A: "Part number PI-MBUS-300 references the Modbus Protocol Reference Guide. It can be found on this web site. From the main menu, select Support/Services, Modbus, Modbus Technical Manuals, PI-MBUS-300 Modbus Protocol Reference Guide or search for PIMBUS300."
What's even more interesting is that there is no Modbus link under the Support Services menu, so this site is definitely giving misleading info.
The place to go is www.modbus.org. Click "Modbus Standard Library" and click Accept to the legal agreement. Then all of the above mentioned files are available for download.

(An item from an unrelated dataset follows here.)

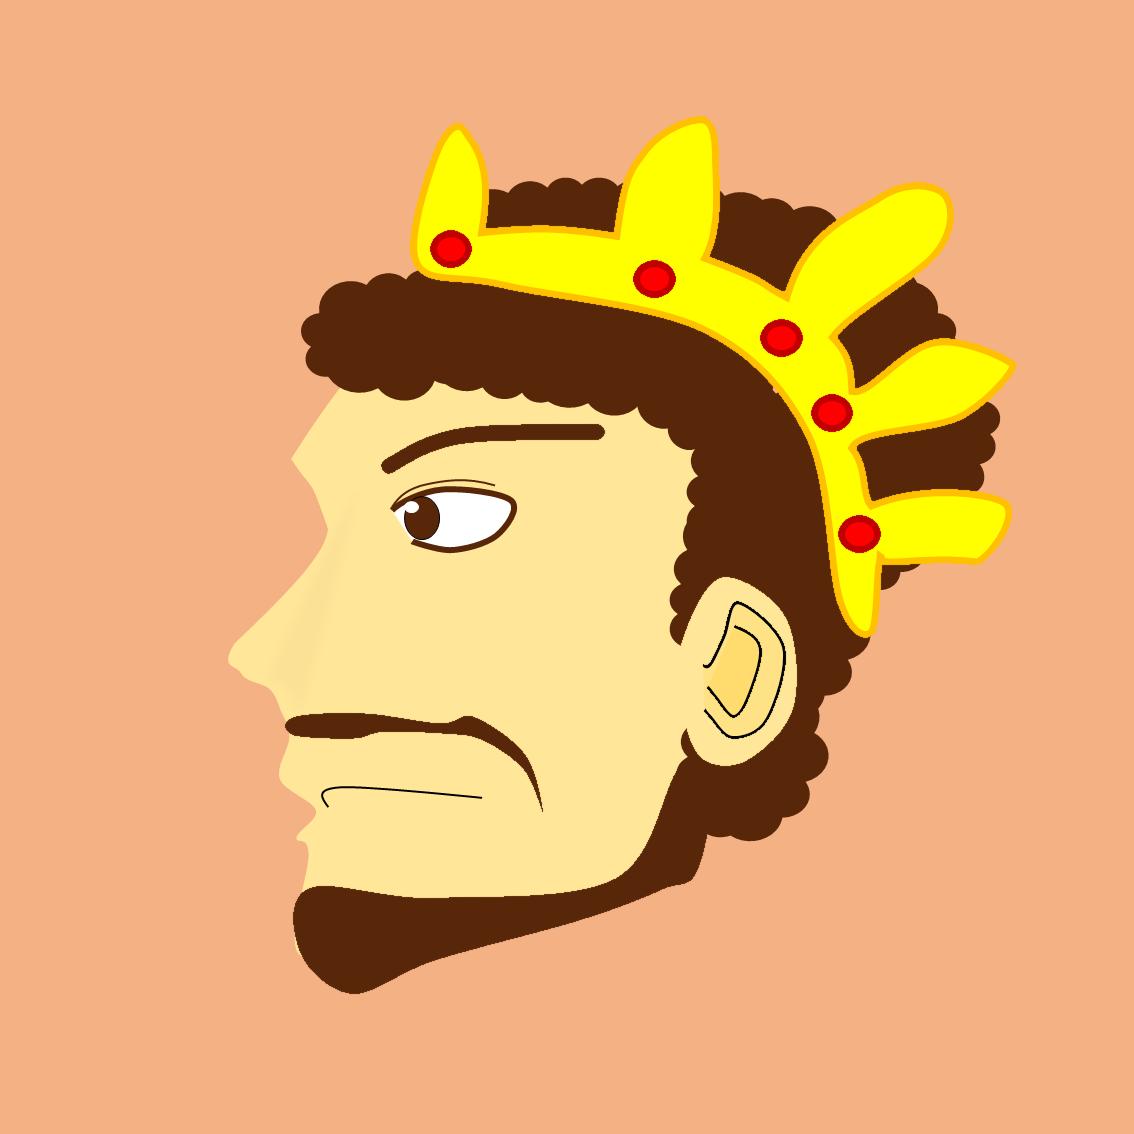 西ゴート王国とアッティラの王国

In case you didn't know it, Modbus.Org (www.modbus.org) is a new organization only recently formed with Ken Crater (the founder of the Alist) as the Managing Director. He only assumed the task of leadership a few months ago. It will take serious time for Ken to get all of the documents previously supported only by Schneider Electric into his servers. Give the guy a break! Modbus.Org is now an independent organization to support the Modbus specification and the use of the Modbus logo and trademarks. This gives Modbus the same standing as Foundation Fieldbus, ODVA, Profibus, and ControlNet - among many others.
Richard H. Caro, CEO
2 Beth Circle, Acton, MA 01720
Tel: +1.978.635.9449 Mobile: +1.978.764.4728
> In case you didn't know it, Modbus.Org (www.modbus.org) is a new organization only recently formed with Ken Crater (the founder of the Alist) as the Managing Director... Give the guy a break!

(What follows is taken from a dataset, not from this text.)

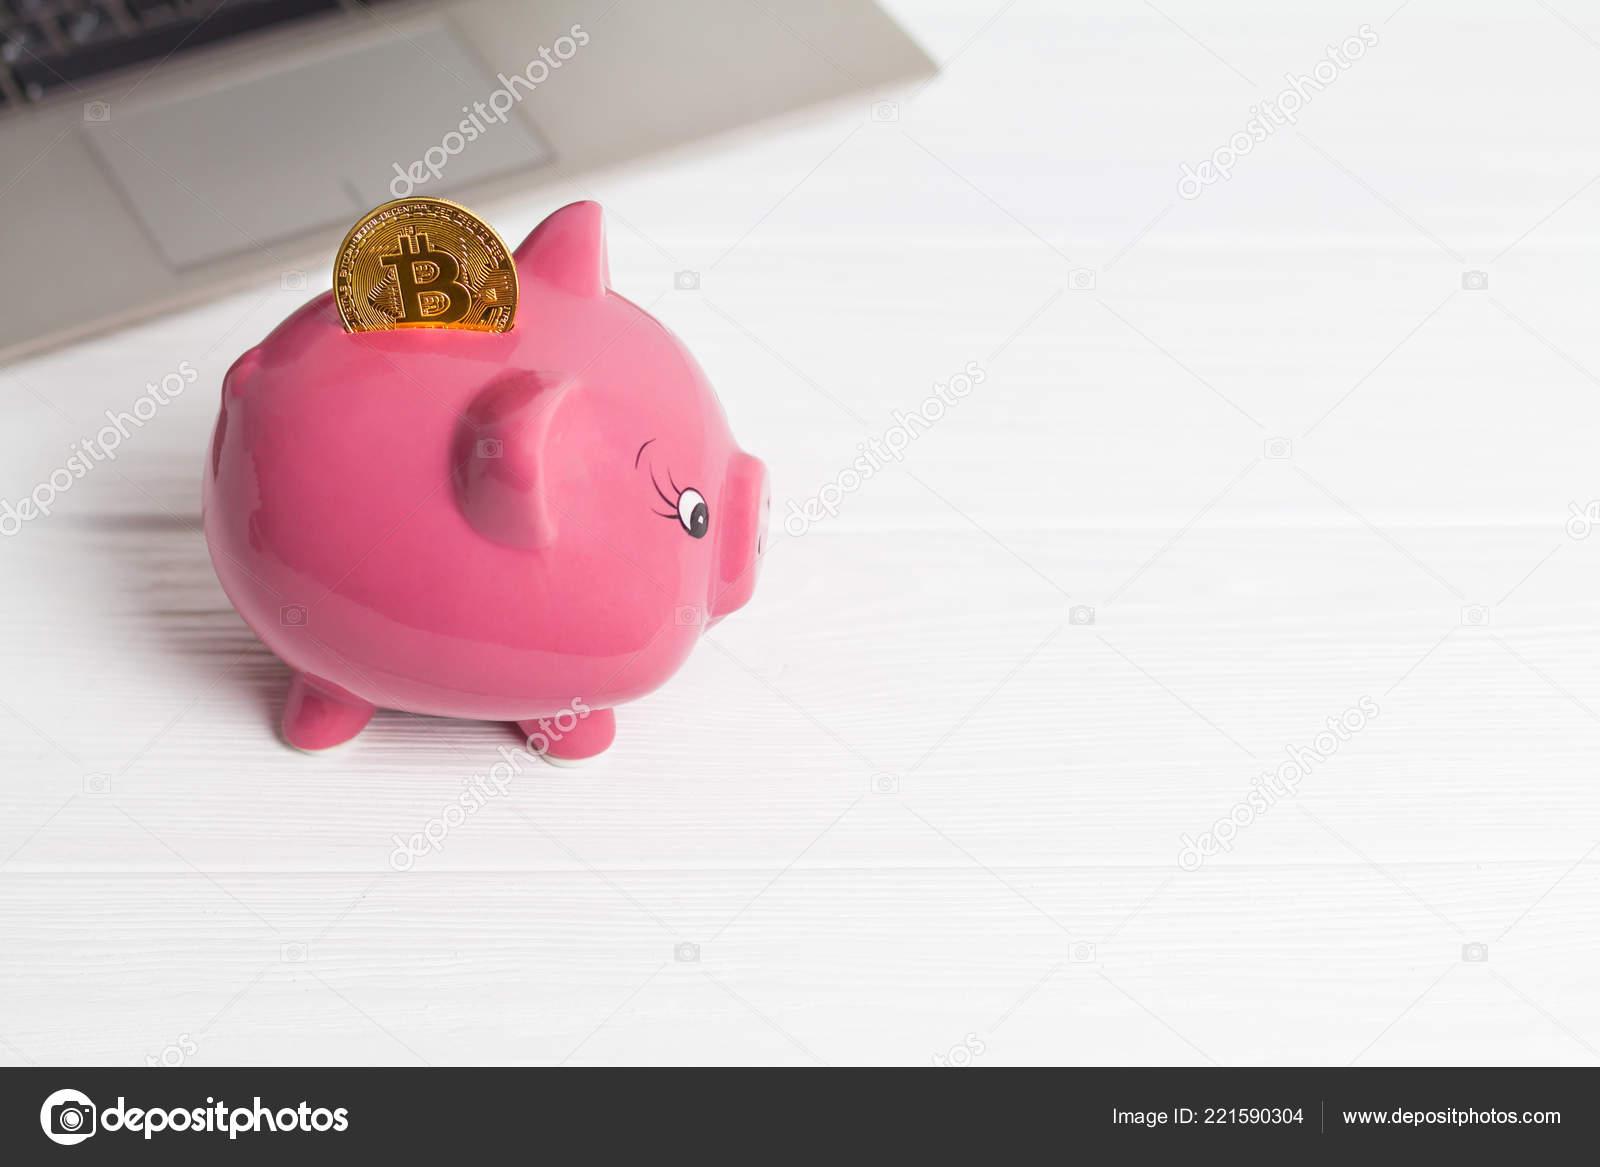 malacka bank bitcoin a valós lehetőségek módszere a projektek értékének felmérésében

Sorry, but perhaps I was misunderstood.
My negative comments were in regards to the Schneider Electric site, NOT against Modbus.org. Modbus.org IS the place to go and Ken has done a great job. It is there that the correct and up to date documents can be found. I was just trying to clarify this for the benefit of others posting to this thread. I'm glad to see Modbus getting the official attention and recognition it deserves. Its popularity speeks volumes!

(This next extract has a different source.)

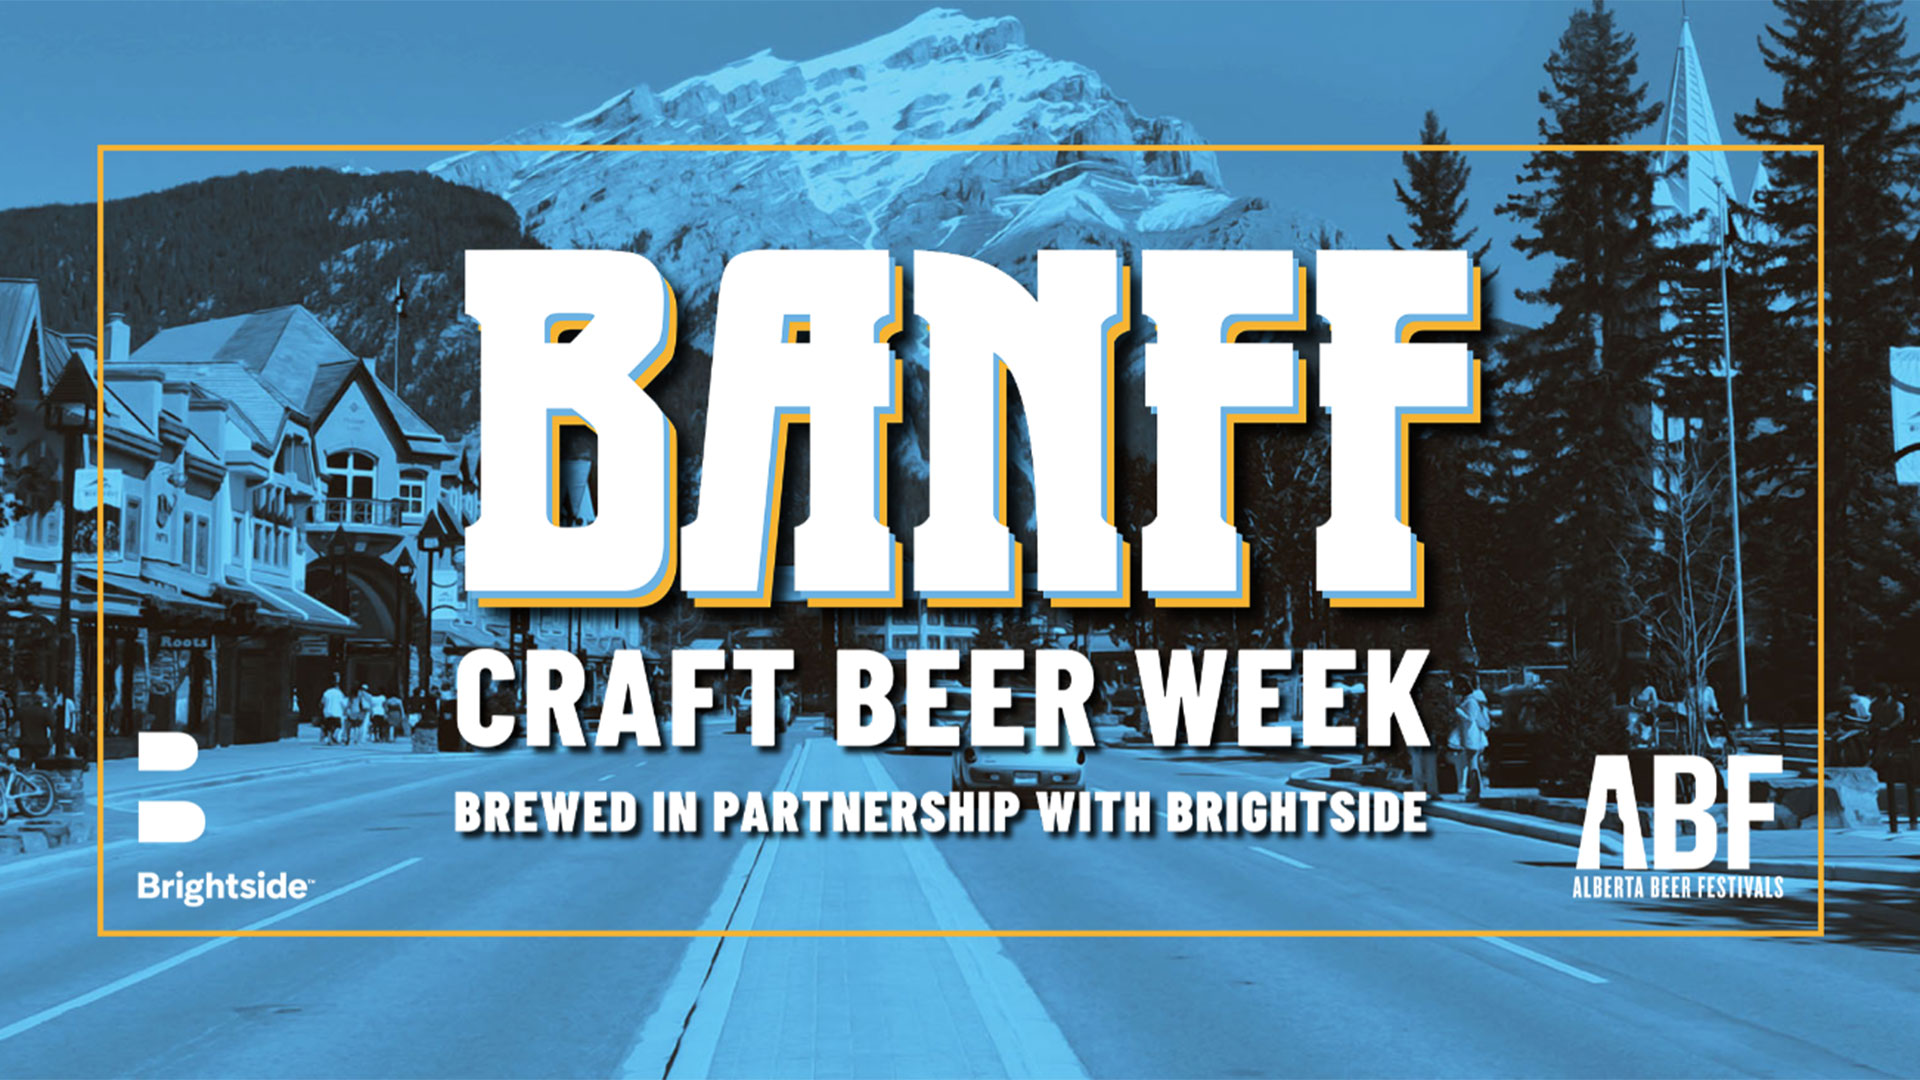 Banff Craft Beer Week

Long time ago, when transmision devices are pure hardware, the CRC methods are based in XOR and Shift Registers gates.
CRC is applied to a sequence of bytes (8 bits) wich make up a message.
In the CRC reverse hardware model, the lsb (2^0) is introduced the first, and the msb (2^7) is the last. This type is Modbus CRC. The result is a 16 bits (two bytes) binary value. Not little endian or big endian issues was in mind.
In these times to check if CRC received was coincidental with the calculated, on calculated de CRC to de received message enlarged with the two bytes of the received CRC as a complete message. If the CRC result was zero, all right. Otherwise, error. Is important to appoint that this procedure needs that next to last byte in the calc tallies from the 2^0 to 2^7 bit and last byte from the 2^7 to the 2^15 bit. Why? Because this is that makes a zero result.
Today, software algorythms emulate old hardware procedures. CRC is the same. Bit order is the same. See the example in MODBUS over serial line specification and implemetation guide, page 41. Bit at the left end is 2^15, and bit at the right end is 2^0. Therefore, the byte to the right hand is Least Significant (lo-byte), and the byte to the left hand is the Most Significant (hi-byte), no matter Big endian or Little endian issues (this is binary algebra).
Now, if you print the uchCRCLo variable before return from the proposed CRC16 function, you will see that printed value is the MSB in the example and uchCRCHi variable printed is the LSB. On Intel, on Motorola, or in any other CPU. For this reason I say that C function is wrong and the tables are swapped.
Ending. The composed value returned for CRC16 function is affected by the Big or Little endian issue. If you don't want problems, modify the function and return two separated values. But have in mind the proposed modication to the C algorythm and swapp the tables, as indicated for my in previous reply.